Сестра Игнатиус вернулась с полотенцем и сухой рубашкой.
– Прошу прощения, больше ничего не нашла. У нас давно не одевались семнадцатилетние девицы.
– Шестнадцатилетние, – поправила я ее, осматривая спортивную рубашку.
– Я бегала в ней марафон с шестьдесят первого по семьдесят первый год, – пояснила сестра Игнатиус, поворачиваясь к плите и собираясь поставить на нее суп. – Боюсь, ничего другого нет.
– Ого, а вы были, видно, в форме!
– Ты о чем? – Она приняла соответствующую позу и показала свои бицепсы. – Пока еще ничего не потеряно.
Я рассмеялась. Потом через голову сняла майку, положила ее на обогреватель и надела сухую рубашку, которая была длиной с мини‑юбку. Сняв шорты, я подпоясалась ремнем, превратив рубашку в платье.
– Ну как? – пройдясь по воображаемому подиуму, спросила я сестру Игнатиус.
Она со смехом присвистнула, выражая свое восхищение.
– Вот бы мне вернуть мои ножки! – воскликнула она и покачала головой. Сестра Игнатиус поставила на стол две миски с супом, и я с жадностью набросилась на еду.
Снаружи опять доносилось пение птиц, словно дождя не было вовсе, словно он нам привиделся.
– Как поживает твоя мама?
– Спасибо, хорошо.
Молчание. Нельзя лгать монахине.
– Не хорошо. Сидит целыми днями в своей спальне, улыбается и смотрит в окно.
– Значит, она счастлива?
– Она сошла с ума.
– А как считает Розалин?
– Розалин считает, что если скормить годовой запас еды за один день, то все будет в порядке.
У сестры Игнатиус дрогнули губы, как будто она усилием воли погасила улыбку.
– Розалин говорит, что это у нее от горя.
– Может быть, она права?
– А если бы мама стала голой кататься в грязи и распевать песни Энии[42], тогда как? Это тоже было бы от горя?
Сестра Игнатиус улыбнулась, и кожа у нее на лице сложилась как оригами.
– Твоя мама это делала?
– Нет.
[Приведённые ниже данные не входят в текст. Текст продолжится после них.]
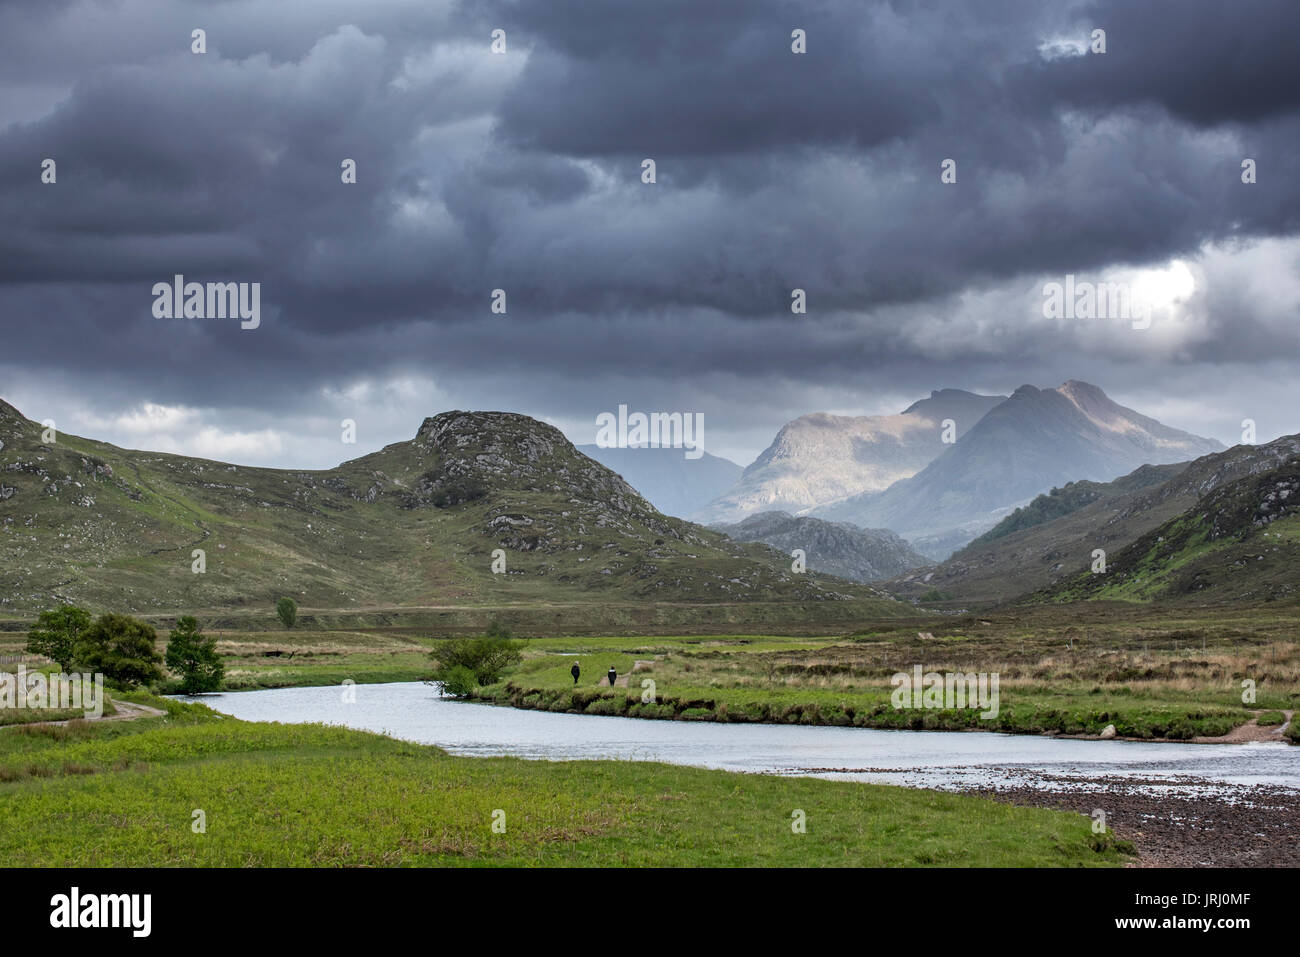 Deux promeneurs marchant sur le chemin le long de la rivière et de la pluie les nuages qui se forment dans les Highlands écossais, Wester Ross, Scotland, UK Banque D'Images

Но думаю, она недалека от этого.
– А что думает Артур?
– Артур разве думает? – парировала я, глотая горячий суп. – Нет, беру свои слова обратно. Артур думает, вы правы. Артур думает, но ничего не говорит. Брат же он, на самом деле. Или он слишком сильно любит Розалин, так что в ее словах его ничего не задевает, или он до того ее не выносит, что не хочет с ней разговаривать. Я пока еще не поняла.
Сестра Игнатиус, видимо, почувствовала себя неловко и отвернулась.
– Прошу прощения за свой язык.
– Полагаю, ты несправедлива к Артуру. Он обожает Розалин. И нет ничего, что бы он для нее не сделал.
– Даже женился?
Она поглядела на меня так, словно взглядом влепила мне пощечину.
– Ладно, ладно. Извините. Просто она такая… Не знаю… – Я стала подыскивать слово, которое подходило бы к тому, как я себя чувствовала в ее присутствии. – Собственница.
– Собственница, – повторила сестра Игнатиус. – Интересно. Не знаю почему, но мне стало приятно.
– Тебе известно значение этого слова?
– Конечно. Она хочет все иметь.
– Хм‑м‑м.
– Я хотела сказать, что она слишком заботится о нас, постоянно что‑то делает. Кормит нас по триста раз на день по какой‑то динозаврской диете, а мне бы хотелось, чтобы она успокоилась, отстала от меня и дала мне дышать.
– Тамара, хочешь, я с ней поговорю?
И тут меня обуял страх:
– Ни за что. Тогда она узнает, что я говорила с вами о ней. А я даже не поставила ее в известность, что мы познакомились. Вы моя страшная «грязная» тайна, – пошутила я.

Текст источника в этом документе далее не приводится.